He was tall. Wore a tank top and basketball shorts, and he carried a basketball with him. As I gave him his character background, he spun the ball on his finger and seemed almost uninterested. Jocks aren’t good role players, was the bit of idiocy I was telling myself at the time and I lost all hope that he would be worth playing with. I tried to figure out how I was going to talk them out of having him at the next game, and I began.

The jock was running a barbarian, and the moment it was his turn to talk, he set the ball down, he licked his teeth and closed his eyes. When he opened them, I was sitting in the room with a barbarian. I can’t explain it. It was not the body language, though his arms were moving in a different way. It was not the way he talked. Gamers who spoke with an accent always bugged me. It was a thing he did with his face maybe. A look in the eyes. This jock had just turned into a barbarian right in front of me and I embraced it.

Shy played a warrior, and minutes into the game, she ran into a character that I called Crow. He was a bit borrowed from the movie The Crow in appearance and name. His weapons were short swords and his black panther I grabbed from a famous fantasy character from the Forgotten Realms books. He was not original. He was a character slapped together in the blink of an eye. That will be a problem, just watch and see.
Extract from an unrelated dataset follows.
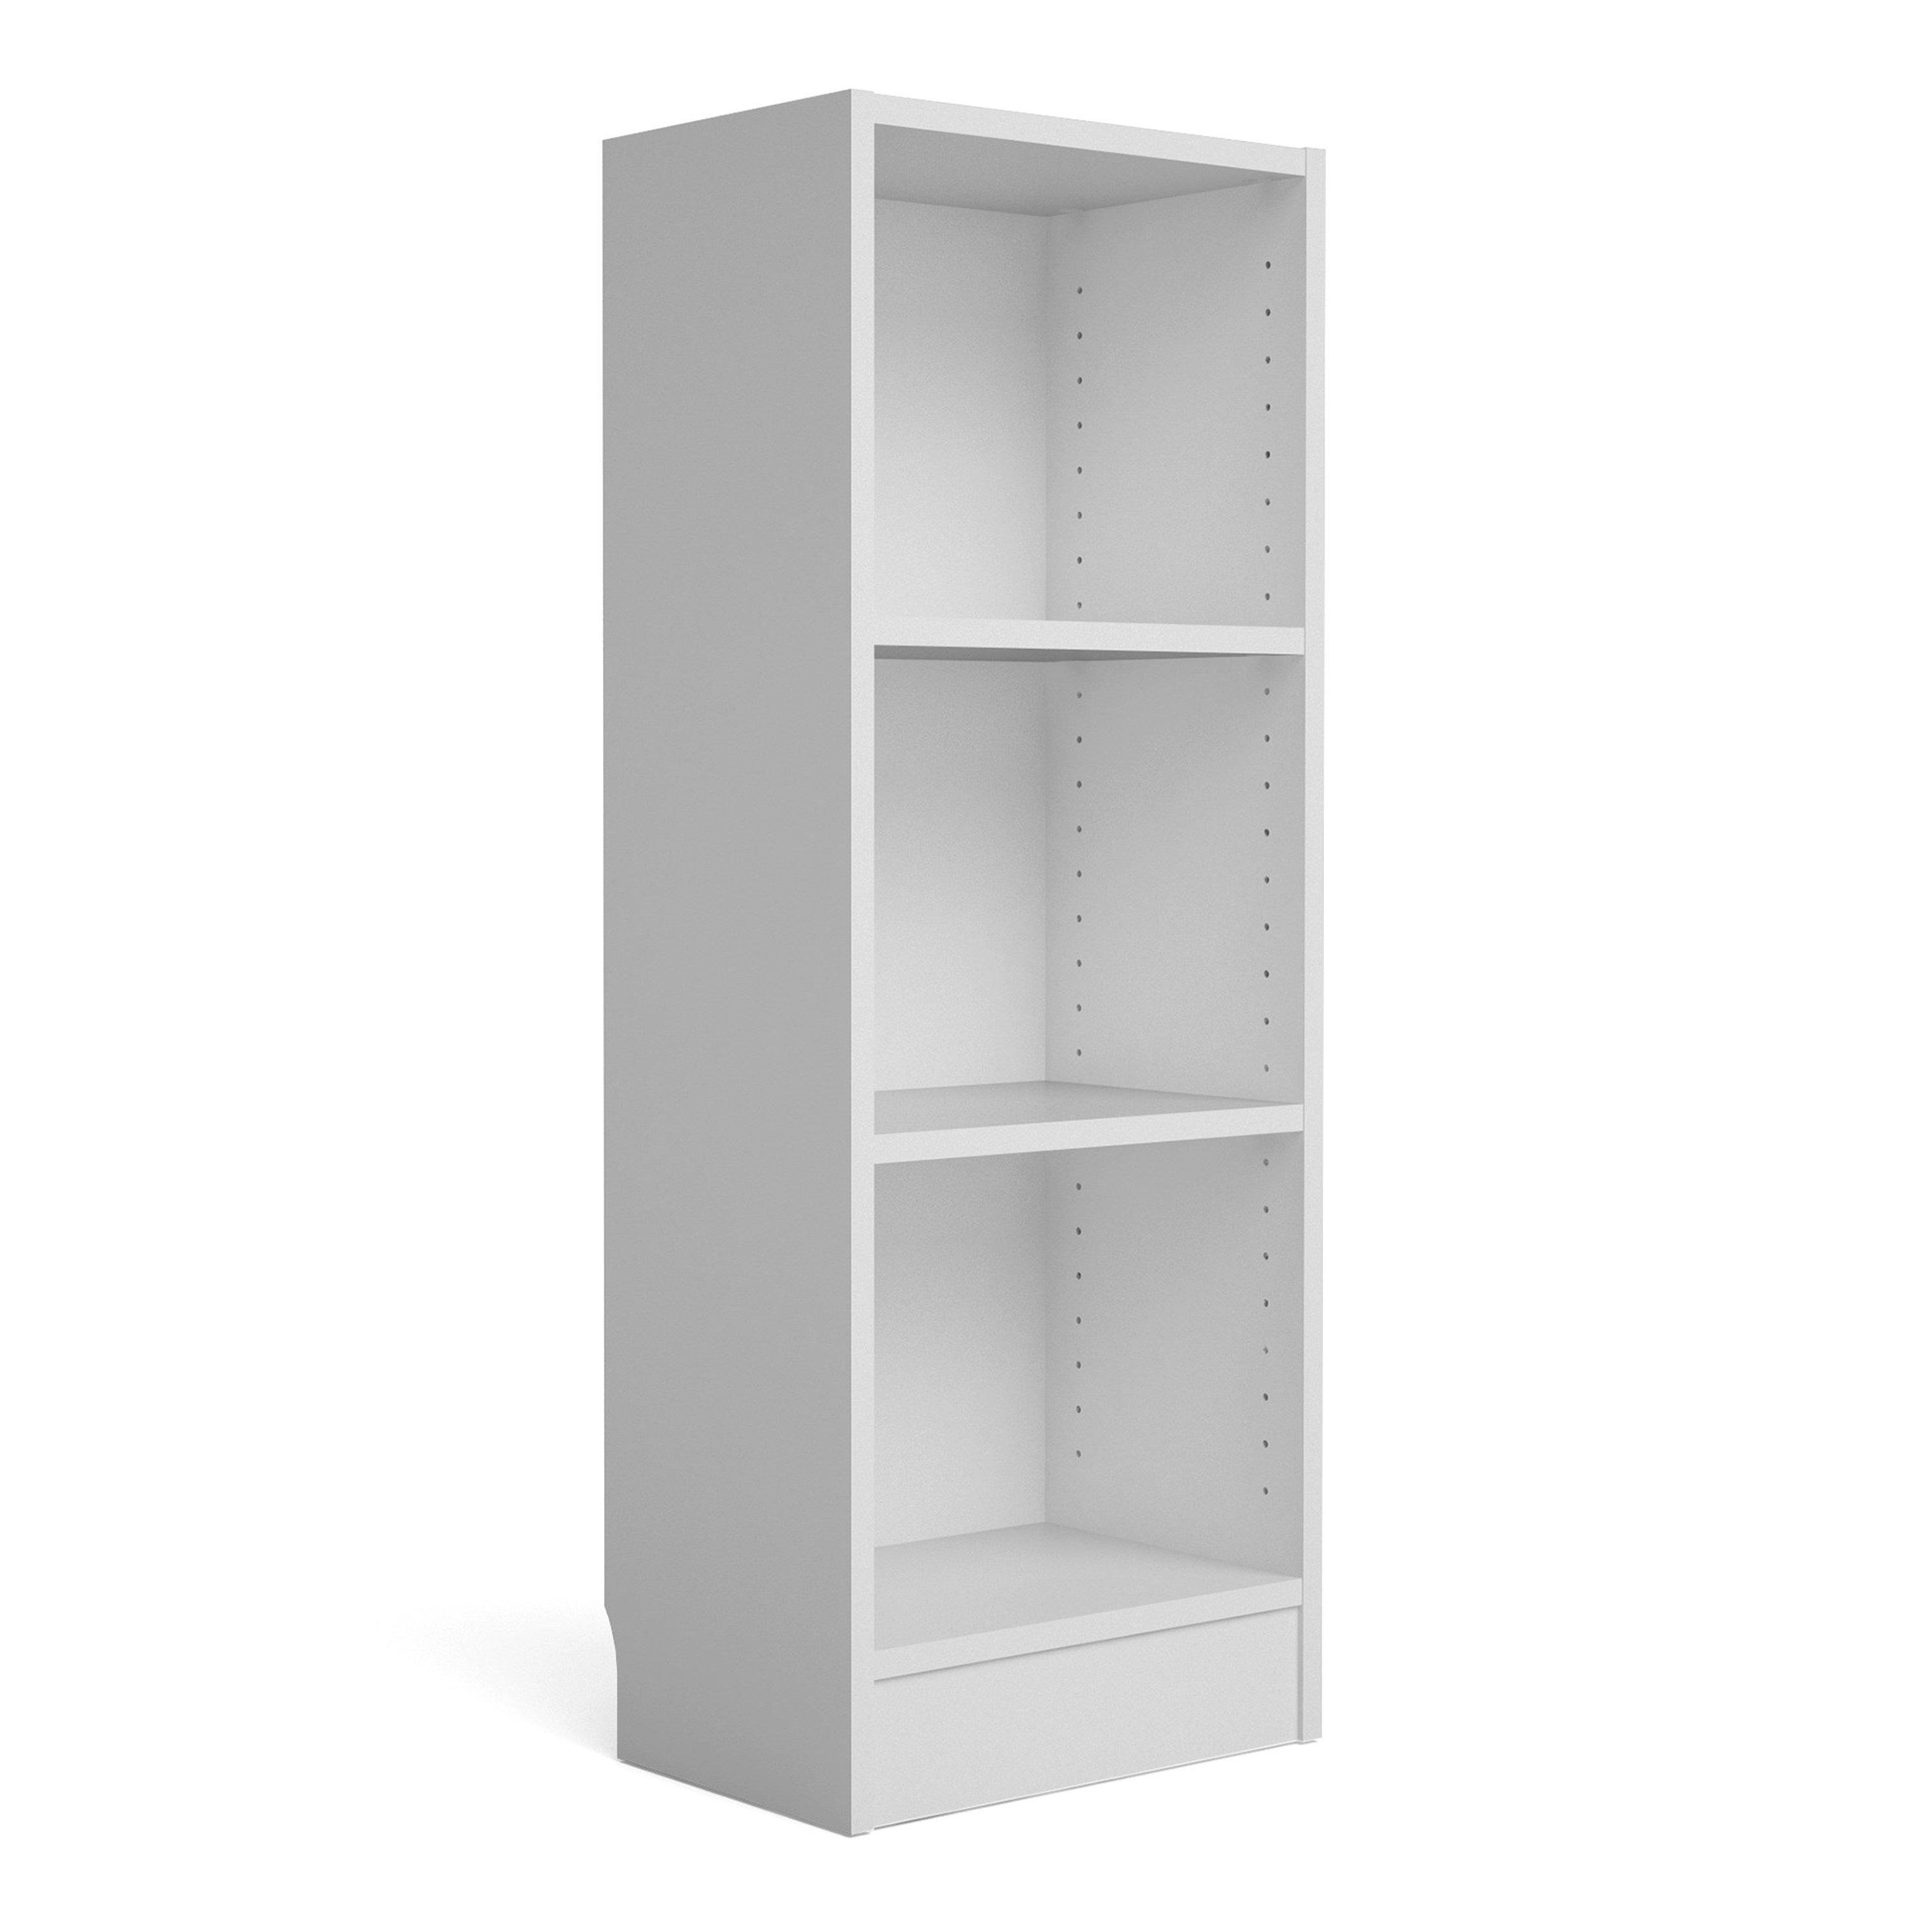 Basic Low Narrow Bookcase (2 Shelves) - image 1

He wore all black with waist long black hair and deeply tanned. He saved her from being surrounded and they fought their way out. By the end of the game, the two characters kissed.

Shy thanked me and Basic for coming, we set up a game for the next weekend, and off we went. On the third gaming night when I arrived at the door, Shy handed me a letter. She looked flushed and out of breath. “Don’t read it here. Read it when you get home.”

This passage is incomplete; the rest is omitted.